But the common man says it’s “a set of prescriptive notions about how to use English”.

Technically speaking, grammar is a set of rubber-necked rules defining the ways to combine different words in order to make sentences or accents/intonations; for instance; criterion/ criteria or dove/dived or strove/strived, how to use adverbials etc.

Grammar doesn’t class misspelling as grammatical error.

Technical definition of grammar excludes everything that makes some careful users reach for Prozac.

Things need your about know to you grammar

Your grammar is good enough (i.e. syntax) to put the above in the right order. You are brilliant!

You are against “verbing” nouns (eg “to interface”) is not grammar. We consider it a stylistic preference; purists disagree with barely concealed homicidal thoughts.

Bad speling [sic] a word is not grammer [sic]. It’s laziness or arrogance. Have you ever made a spelling mistake?

If a person born and bred north of Birmingham UK says “it were her fault”, or someone from Wales says “I is done”, it is not bad grammar. It is unusual use, which is not the same.

All new expressions or words are neither good nor bad. You may dislike them, but it’s nothing to do with grammar. You’re with me, bae?

If someone uses “nonplussed” to mean “not fussed or bothered”, that has nothing to do with grammar: it is a word in the process of changing meaning. It was taken from Latin to mean: To put at a loss as to what to think, say, or do; bewilder. But it’s different now.

If you don’t appreciate the way someone pronounces a word, it’s your problem. It’s definitely not grammar.

Grammar interpretation was invented to mark the social status of a person. An early, 1892 quotation about aitch-dropping shows how unjust such divide could/can be: “A very fine young man, but evidently a nobody, inasmuch as he dropped his aitches and so on.” (Rolf Boldrewood, Nevermore, 1892.) To oppose the above, Terry Eagleton says: “Dropping your aitches in Knightsbridge probably counts as a deviation, whereas it is normative in parts of Lancashire.” (How to Read a Poem, 2007.)

If you hear a true Londoner exhale his aitches, (as in I’ll (h)ave (h)alf a pint of bitter, please) please write to me at once.

One particular example illustrates the arbitrariness of pre/proscriptions. American editors get very red in the face if a food, diet, etc is described as “healthy”, insisting that only “healthful” is correct.

The (false) reasoning behind this is that if you define “healthy” as “in good health”, it applies, by definition, only to people.
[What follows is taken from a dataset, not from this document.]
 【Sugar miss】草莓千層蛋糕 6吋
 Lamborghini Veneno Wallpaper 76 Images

Broccoli cannot be healthy – as far as we know, but then we don’t speak “Broccoli” – enjoy rude good health, and therefore another word is required.

“Healthful” is the older word but “healthy” has meant “conducive to good health” since time immemorial.
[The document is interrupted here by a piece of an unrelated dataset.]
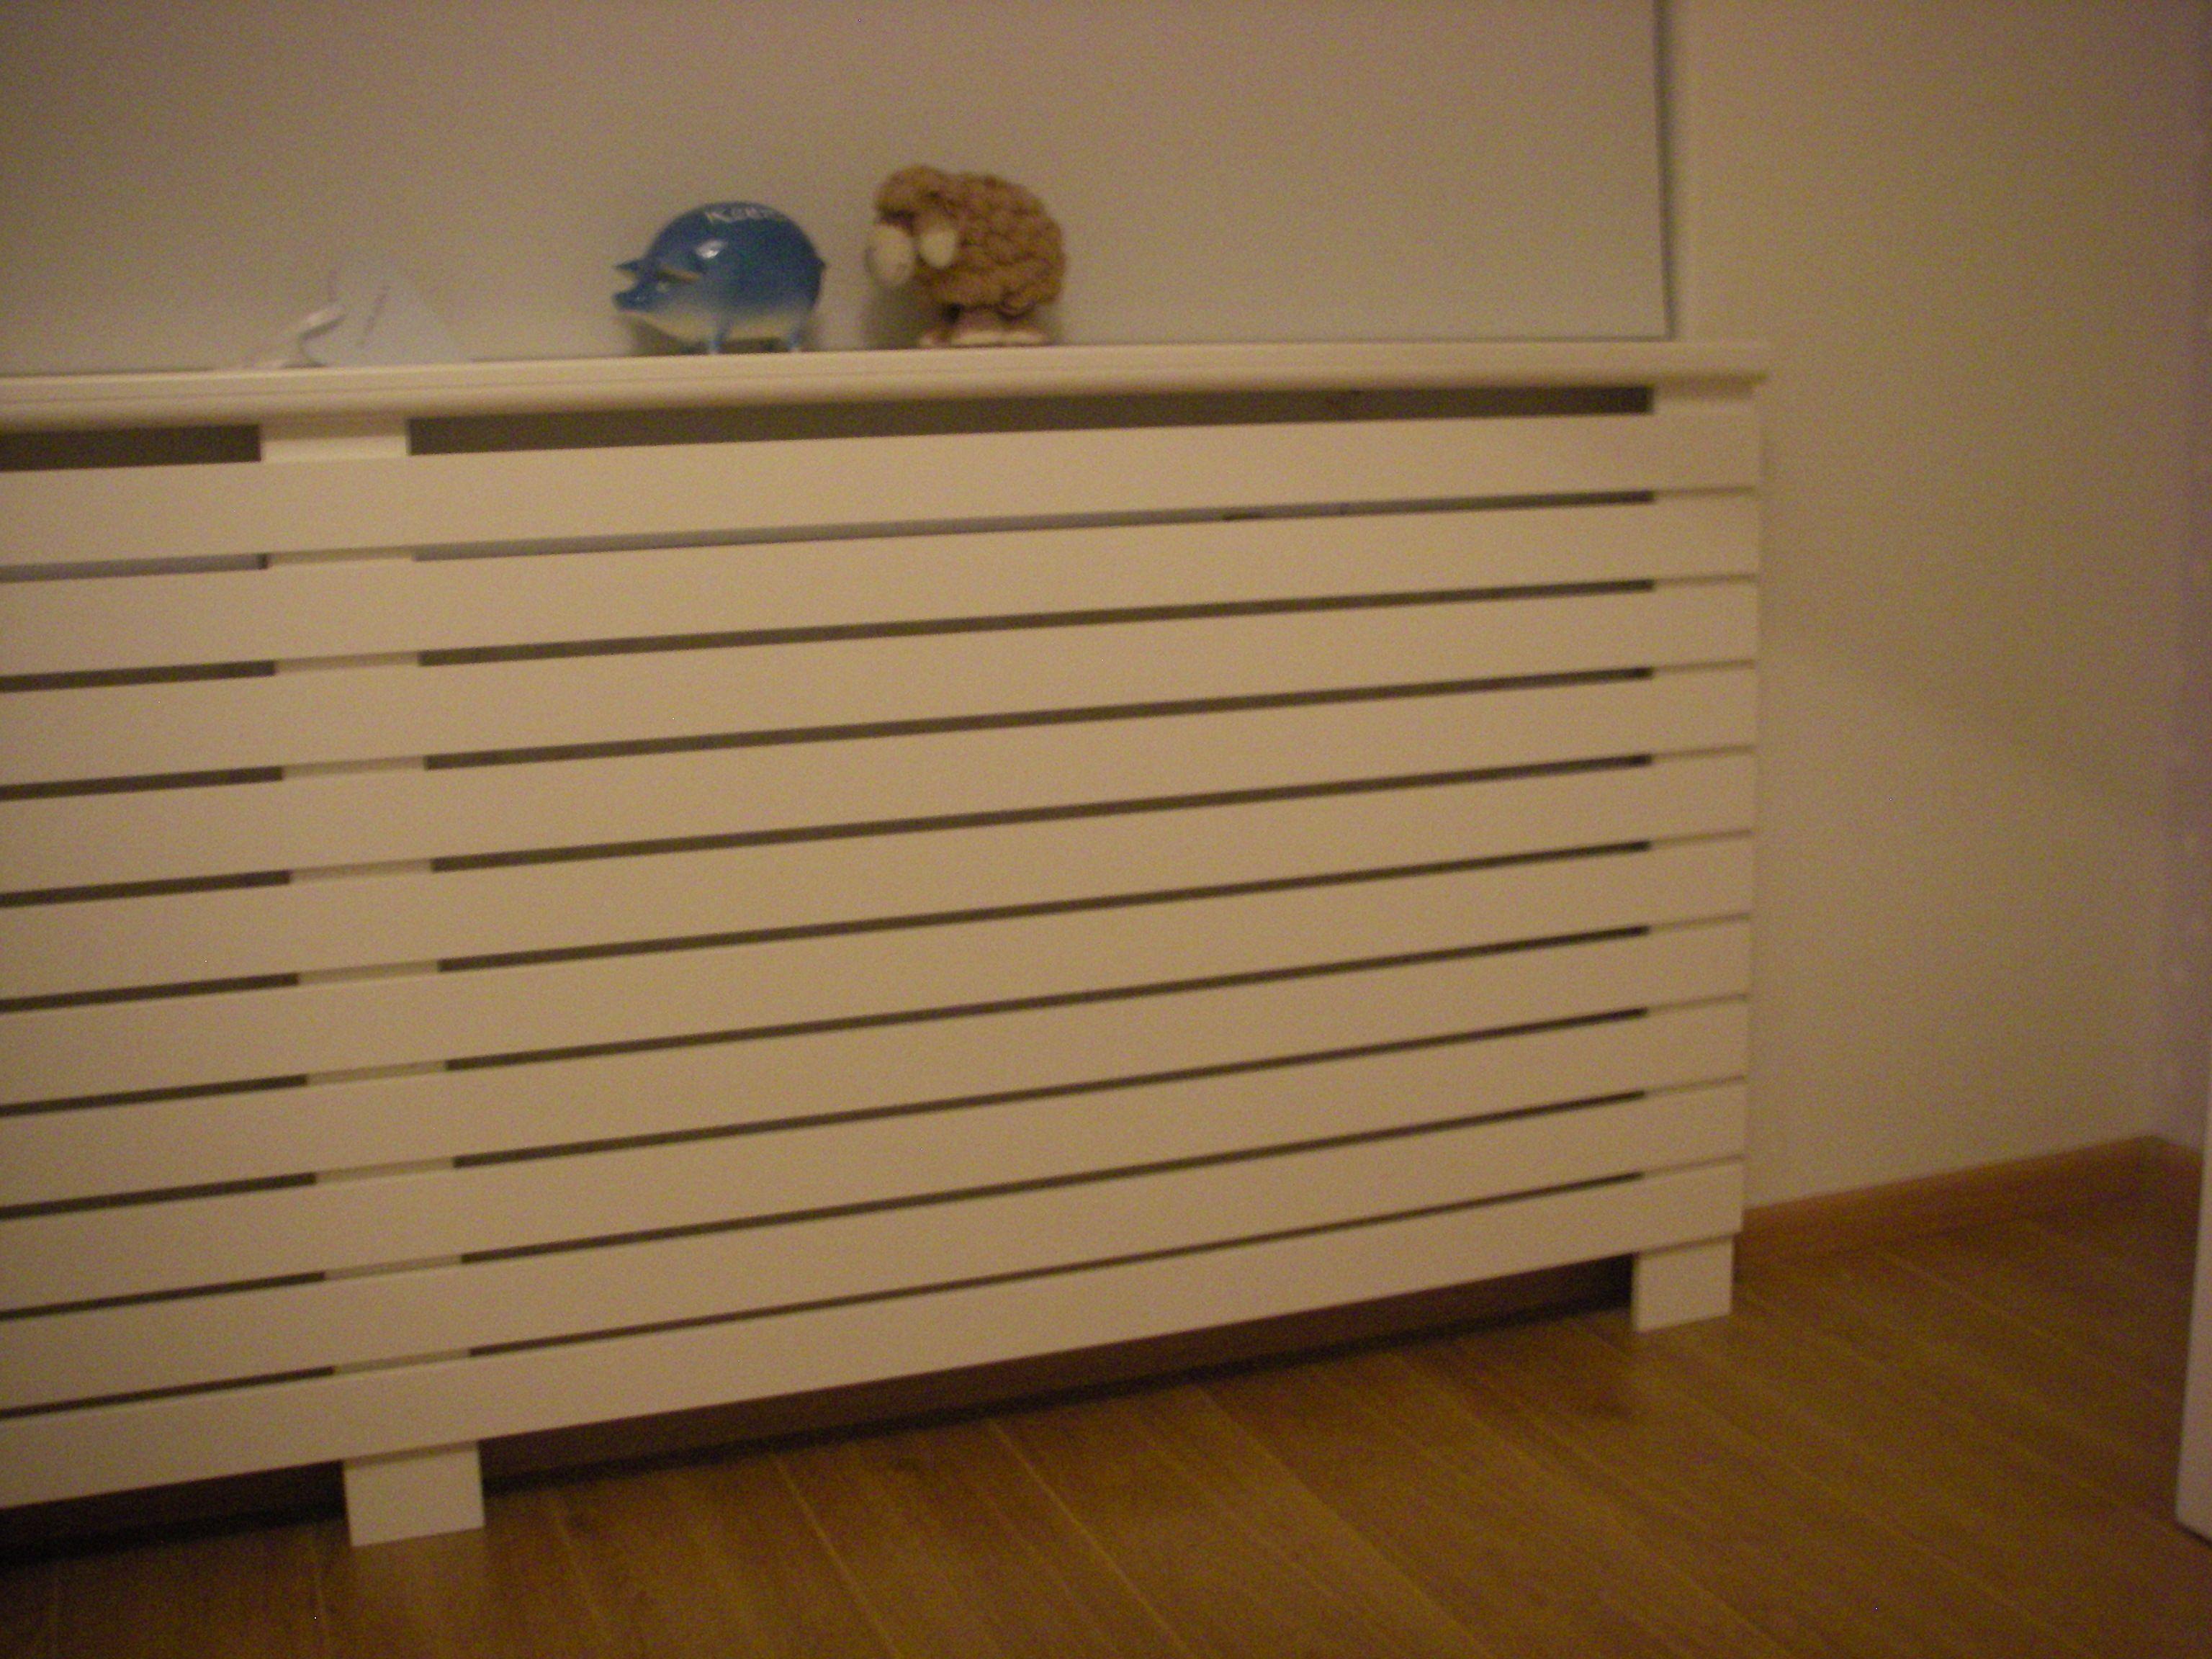 Radiator Slaapkamer Meubels : Radiator ombouw slaapkamer zoontje made by me

Banning it ignores a productive feature of English: the transferred epithet. You can apply “sad” both to people and to what makes them sad.

Many other words behave similarly: to exclude “healthy” would be plain stupid.

By interpreting “grammar” as our entire language system, we celebrate the ingenuity of human psyche in developing it, and the myriad ways in which it contributes to improve social communication.

So let’s be happy that everyone knows the grammar of their mother tongue (or several), even if they can’t formulate its genuine rules.

Who cares what preterit is if you’re used to it and can use it to say what you want?